Batubara yang dibakar di PLTU memancarkan sejumlah polutan seperti NOx dan SO3 yang merupakan kontributor utama dalam pembentukan hujan asam dan polusi PM 2.5.
Sampai tahun 2019, Kementerian Energi dan Sumber Daya Mineral, khususnya PT PLN memiliki satu program yang harus diselesaikan, yaitu program pembangunan pembangkit listrik berkapasitas 35.000 MW.
Data yang dikeluarkan oleh Kementerian ESDM menyebutkan bahwa dari target 35.000 MW, 25.904 MW akan dibangun oleh pengembang listrik swasta, dan 10.681 oleh PT PLN. Namun dari program yang membutuhkan dana di atas Rp 1.100 triliun itu, 60% masih menggunakan PLTU batubara, demikian dikatakan Media Officer dari Greenpeace Indonesia, Rahma Shofiana (17/9).
Ana juga menyebutkan, dari program pemerintah tersebut, 80% PLTU dibangun di Jawa, “Padahal elektrifikasi nasional secara keseluruhan justru pulau Jawa sudah terlistriki,” ujarnya. “Yang di luar Jawa justru (belum cukup terlistriki).”
Dalam Ancaman Maut PLTU Batubara yang dirilis Greenpeace, diungkapkan bahwa batubara yang dibakar di PLTU memancarkan sejumlah polutan seperti NOxdan SO3yang merupakan kontributor utama dalam pembentukan hujan asam dan polusi PM 2.5(partikulat debu melayang).
Selain itu, menurut Ana, 16.500 jiwa bisa meninggal setiap tahunnya akibat debu terbang yang dihasilkan dari PLTU batubara. “Itu se-Indonesia,” ujarnya. “Sedang dengan proyeksi atmosfer lebih jauh lagi, angkanya bisa mencapai 27.000 jiwa.”
Dengan berbagai efek negatif yang dihasilkan, Greenpeace Indonesia mendesak pemerintah Indonesia untuk mengurangi pemakaian batubara.

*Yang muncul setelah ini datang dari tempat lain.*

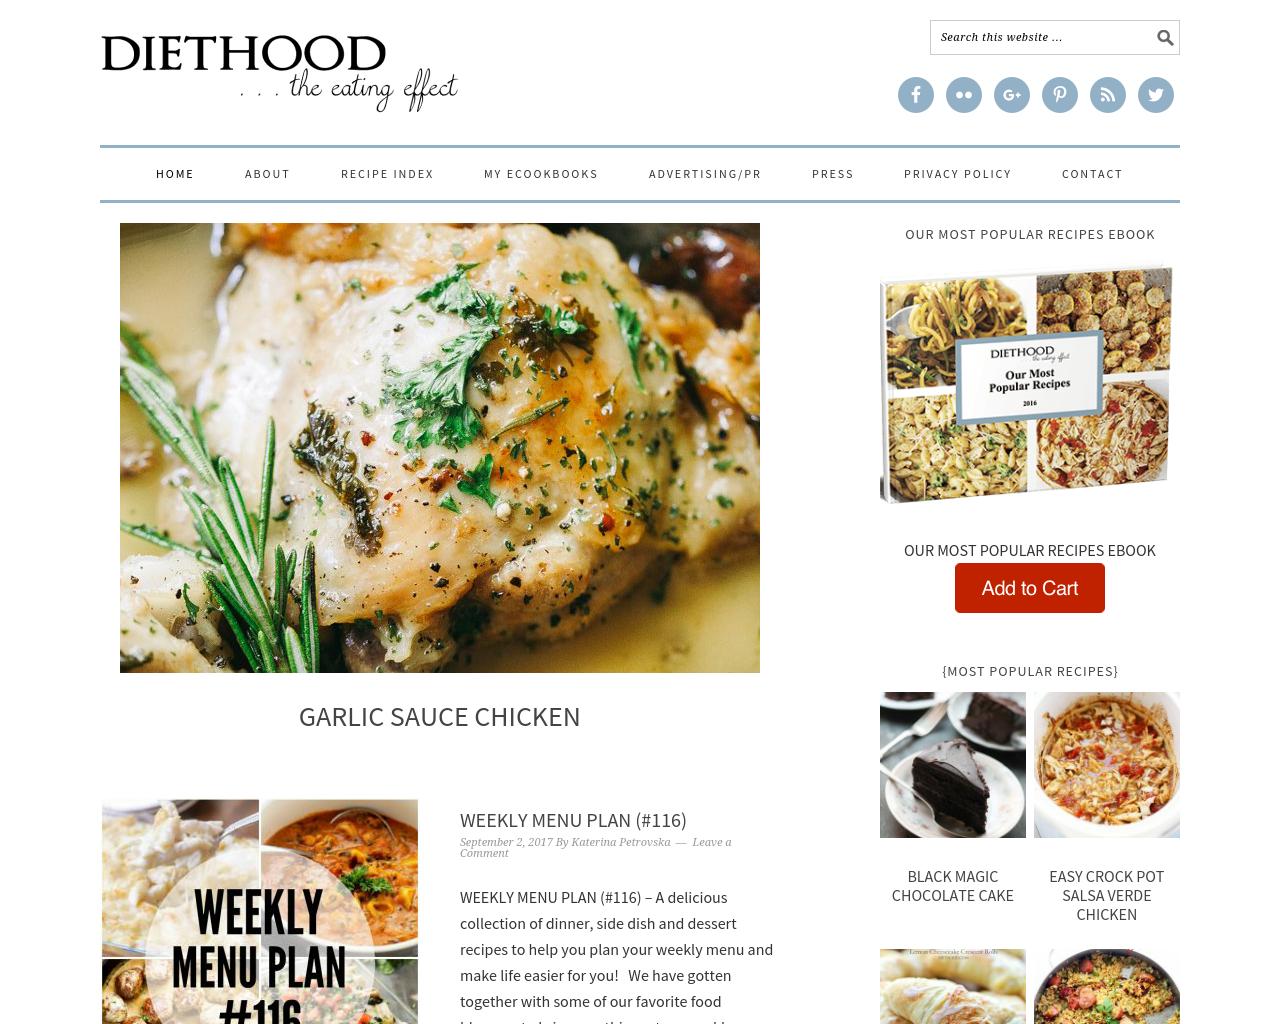 Diethood-Advertising-Reviews-Pricing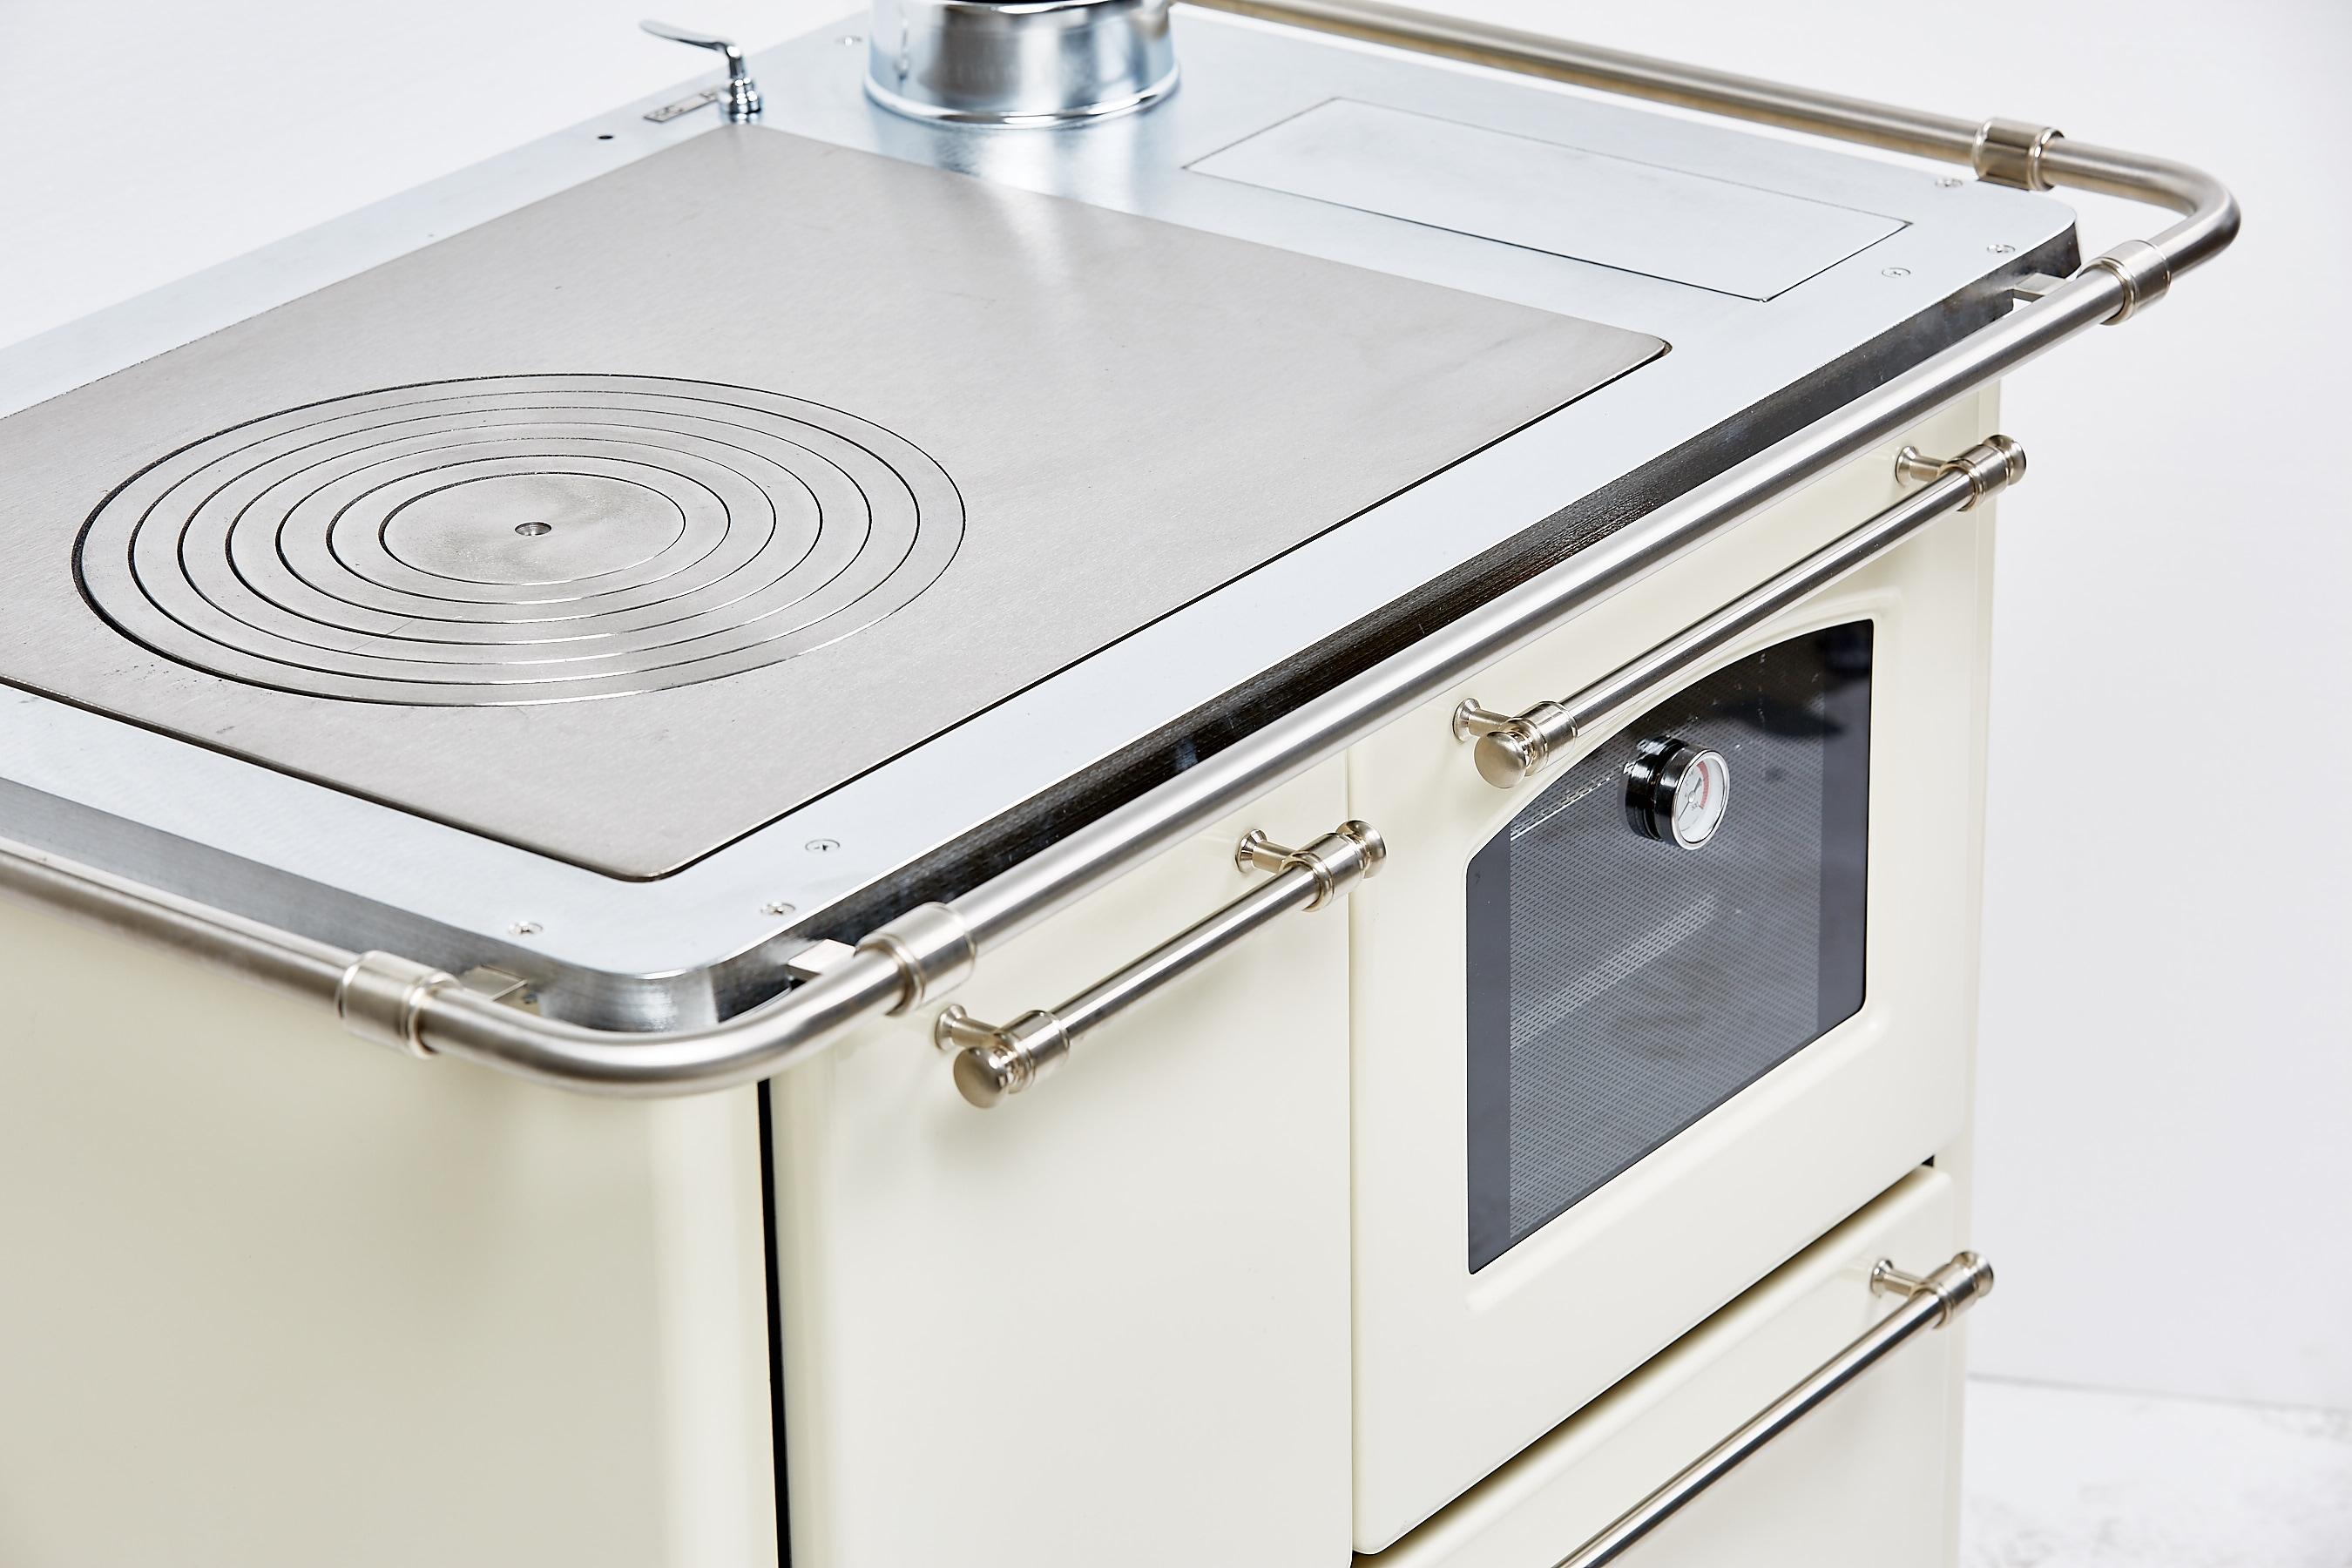 Cucina economica n 5 cucine stufe a legna e termocucine for Cucina economica zoppas

Menurut Ana, Indonesia memiliki potensi energi terbarukan yang besar, dan bisa untuk menggantikan energi fosil (minyak, gas, batubara). “Contohnya panas bumi itu 40% cadangan dunia (ada di Indonesia).” Selain energi panas bumi, kita dapat memanfaatkan tenaga matahari, air dan angin.